• EXERCISE DESCRIPTION
When the line containing "Примеры сообщений в" is found in the data below, give it again along with every later line, exactly; drop the pictures.

• RAW DATA
┄┄┄┄┄┄┄┄┄┄

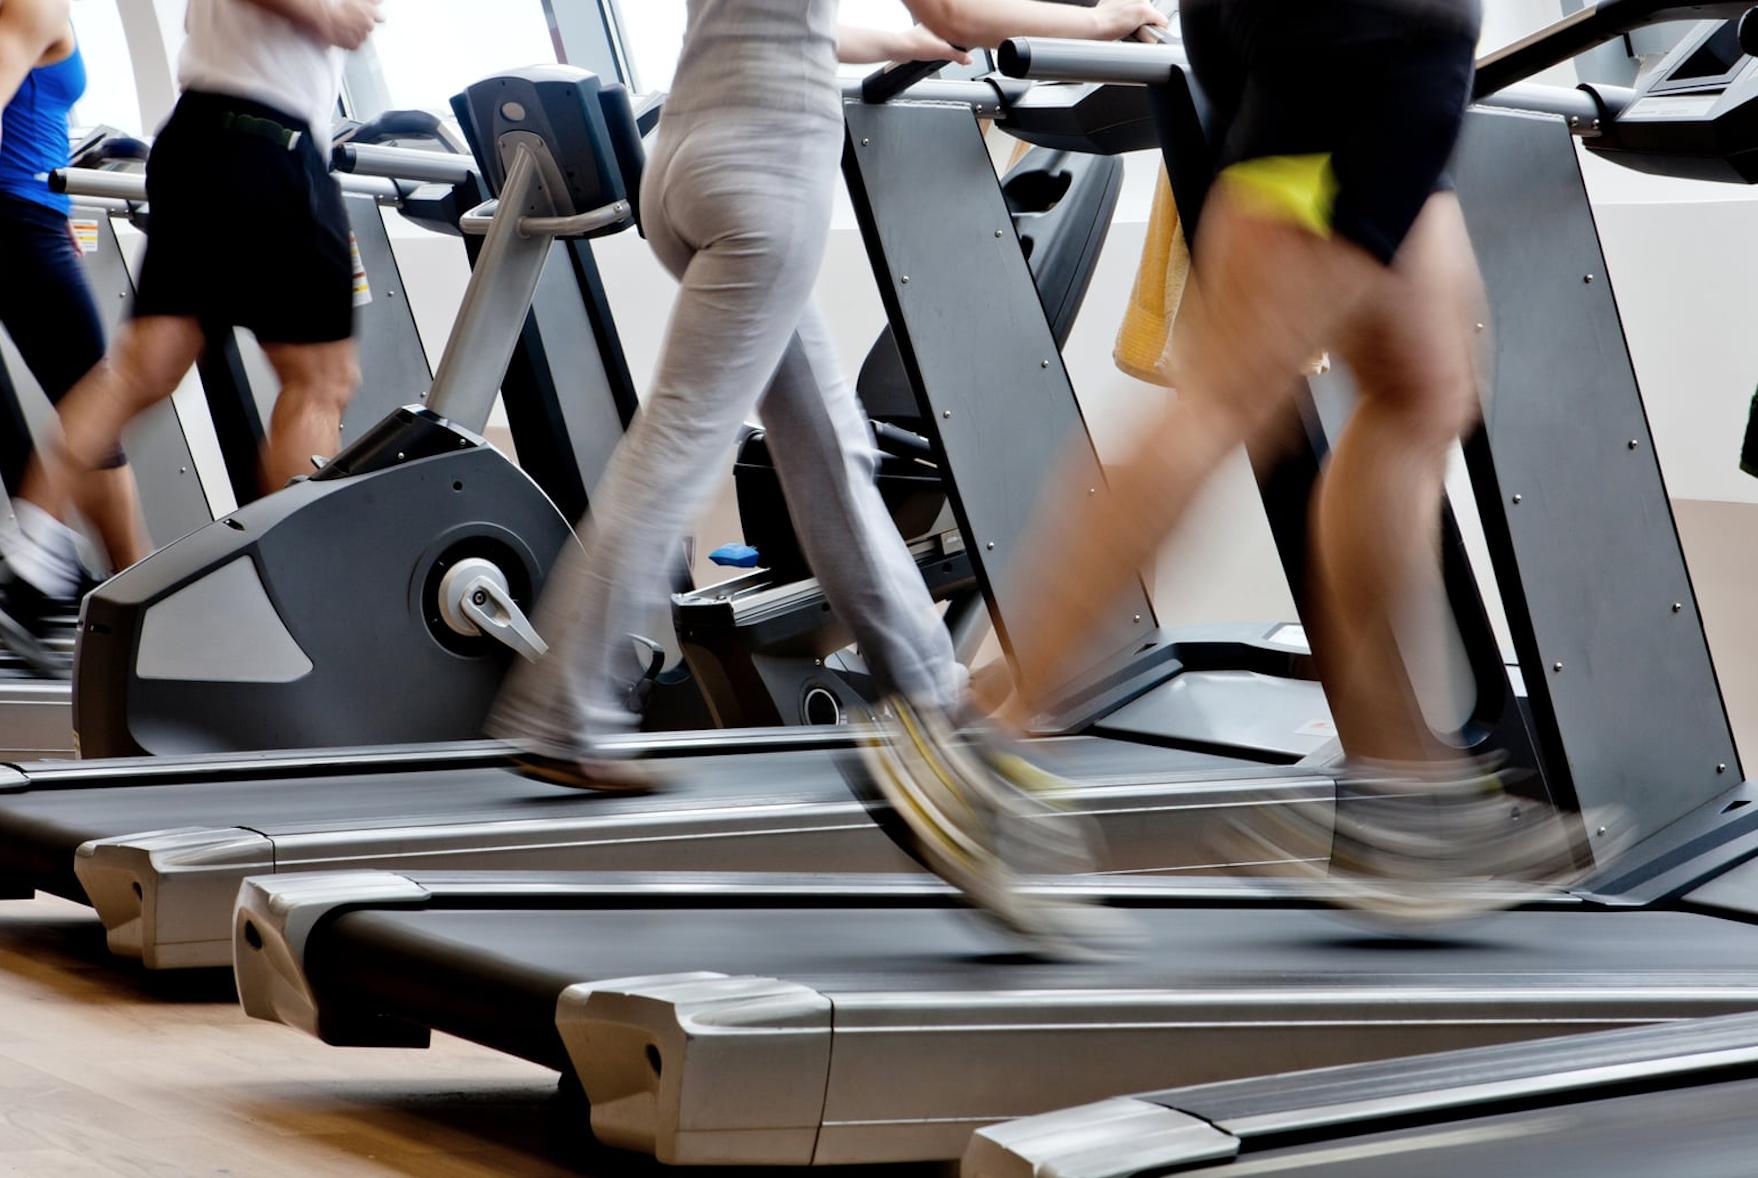 Cybex Trotter Treadmill
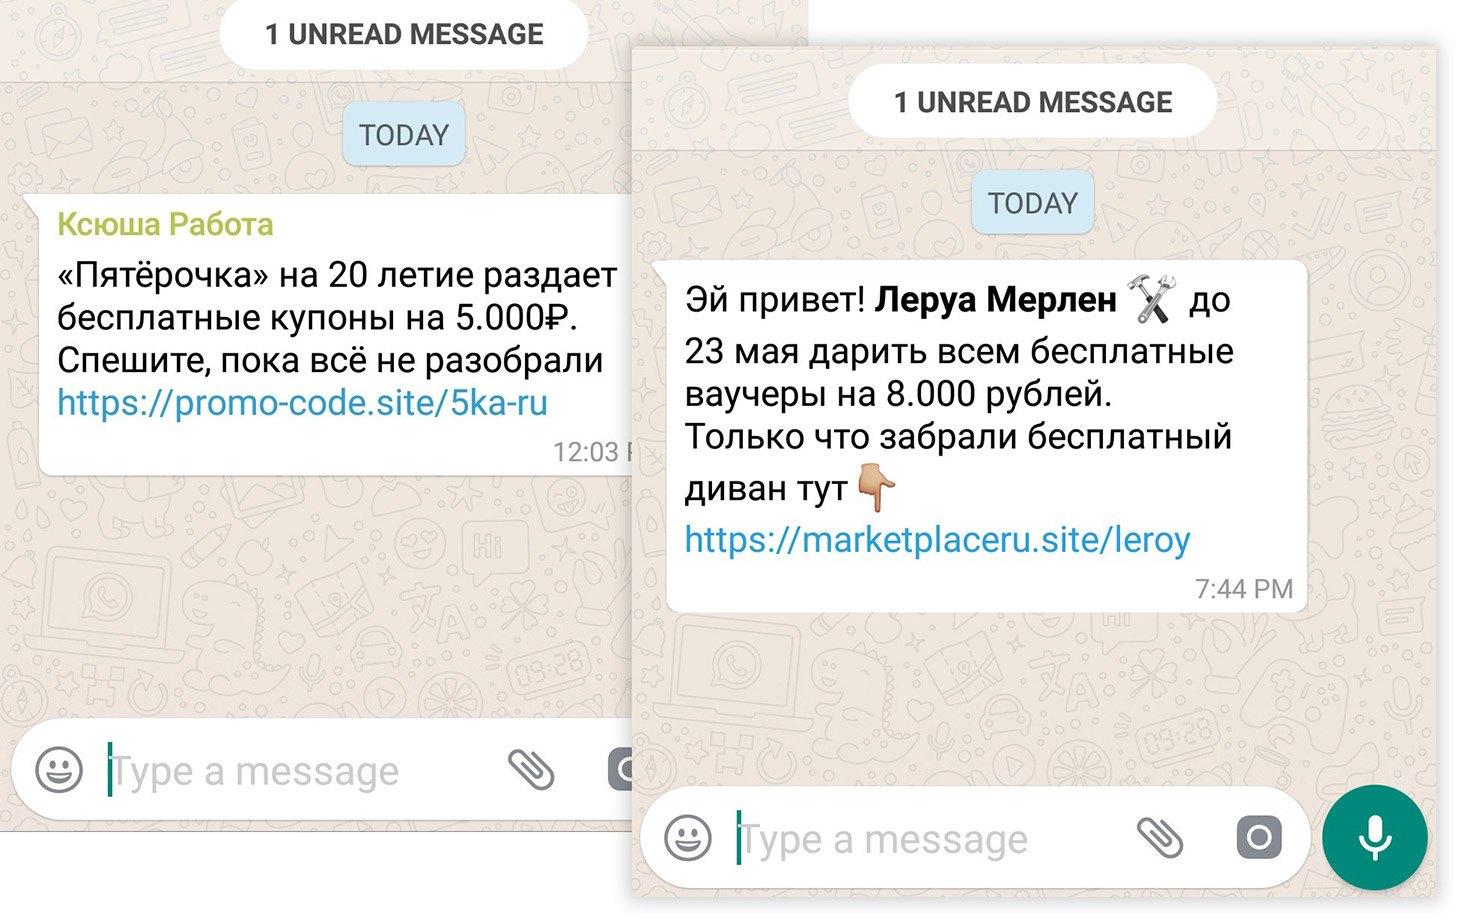 Примеры сообщений в мессенджере, распространяющих мошеннические ссылки
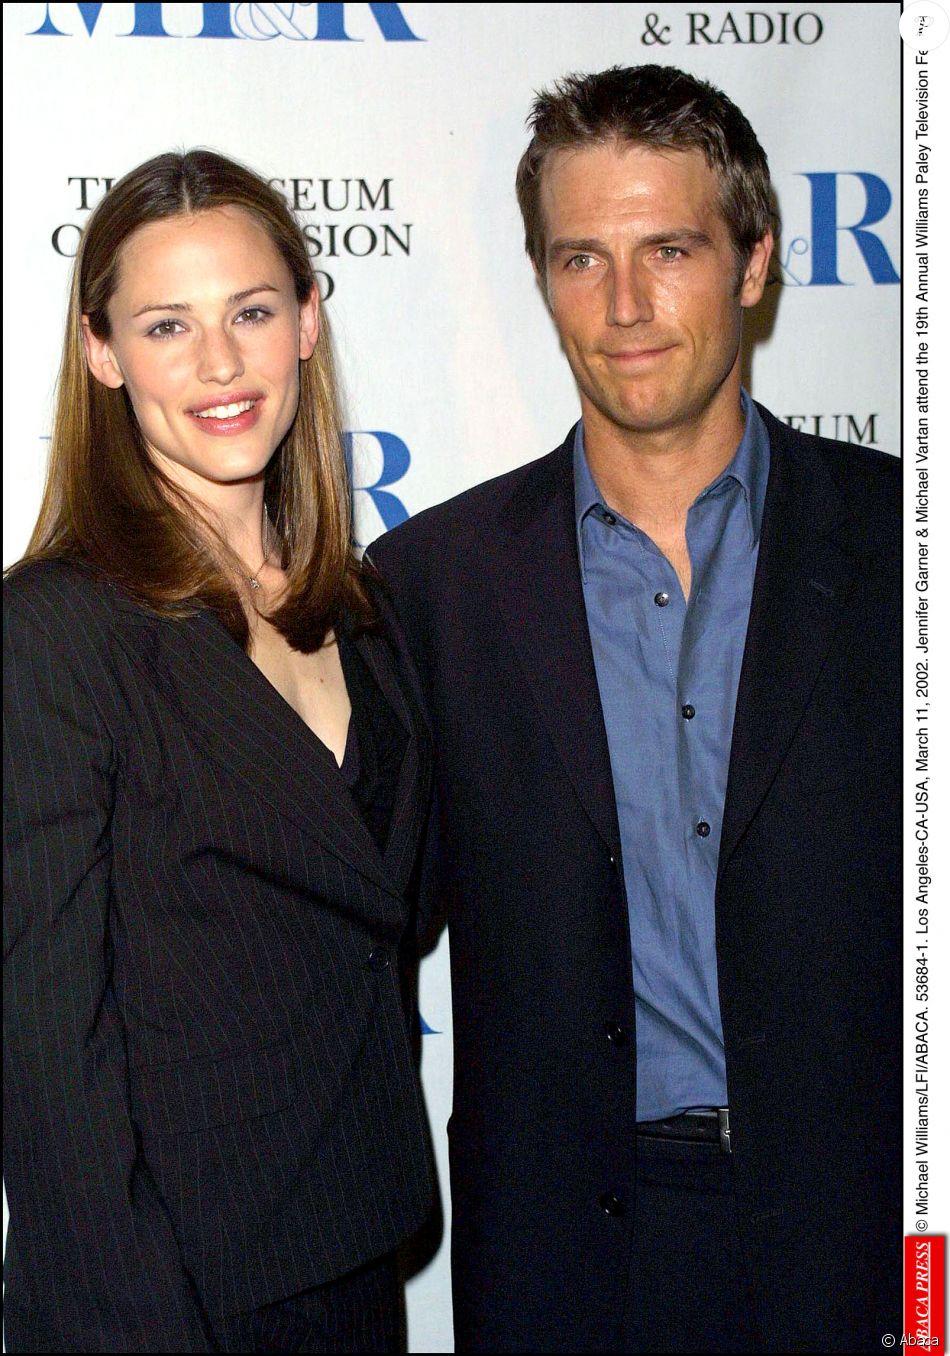 Jennifer Garner et Michael Vartan à la 19e édition du Festival Williams Paley Televisionà Los Angeles en 2002
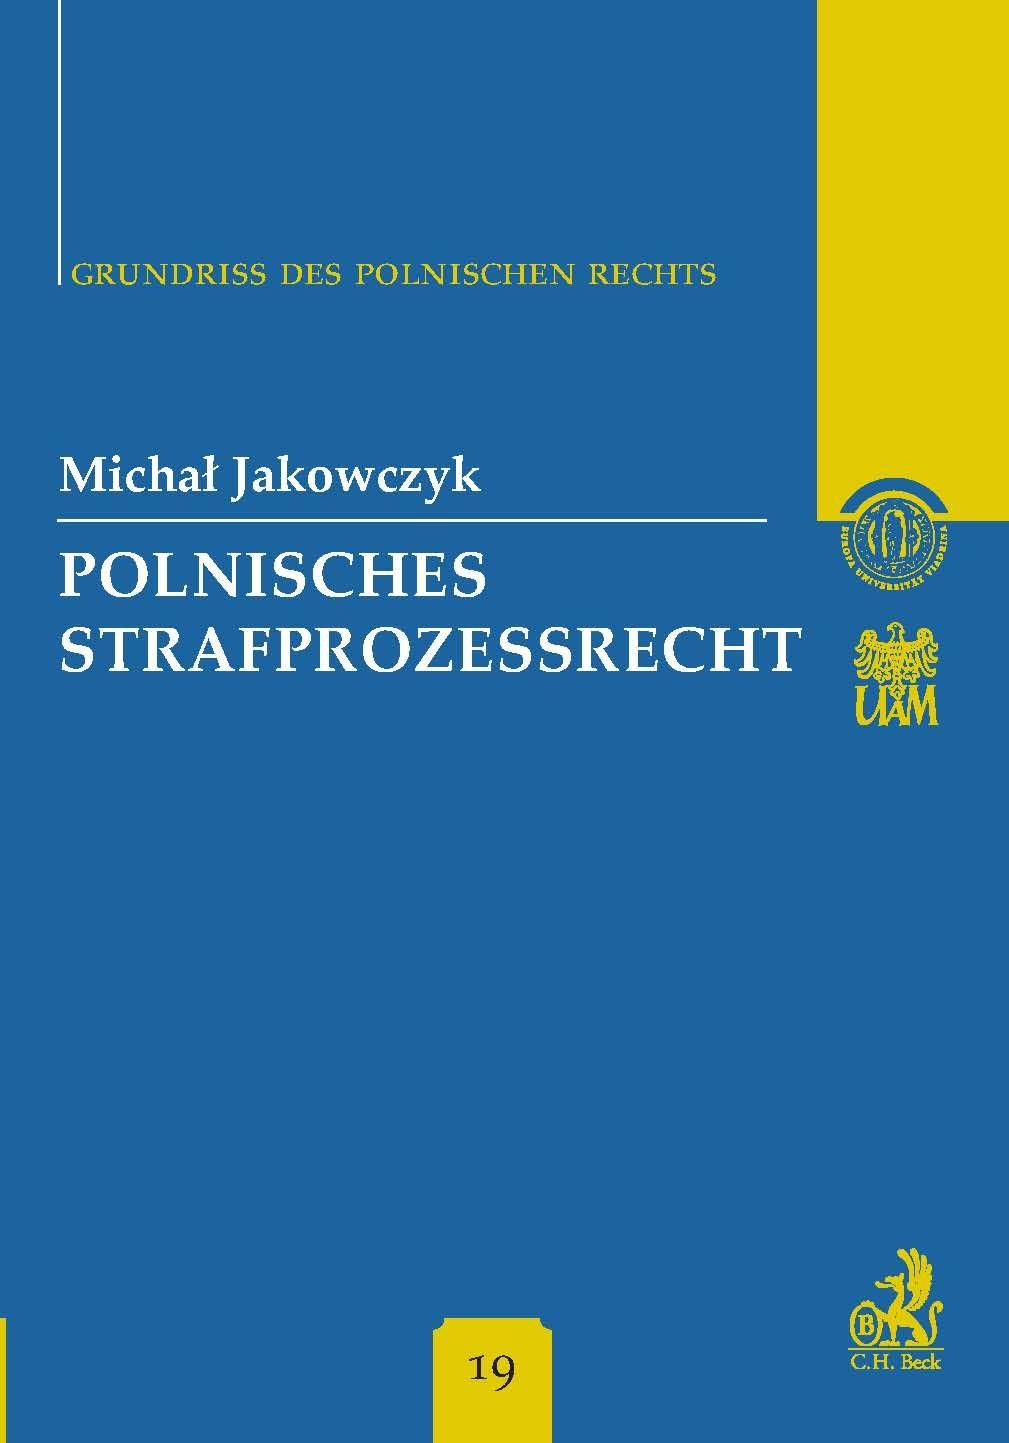 Polnisches Strafprozessrecht Band 19 - Ebook (Książka PDF) do pobrania w formacie PDF

┄┄┄┄┄┄┄┄┄┄

• TASK OUTPUT
 Примеры сообщений в мессенджере, распространяющих мошеннические ссылки
 Jennifer Garner et Michael Vartan à la 19e édition du Festival Williams Paley Televisionà Los Angeles en 2002
 Polnisches Strafprozessrecht Band 19 - Ebook (Książka PDF) do pobrania w formacie PDF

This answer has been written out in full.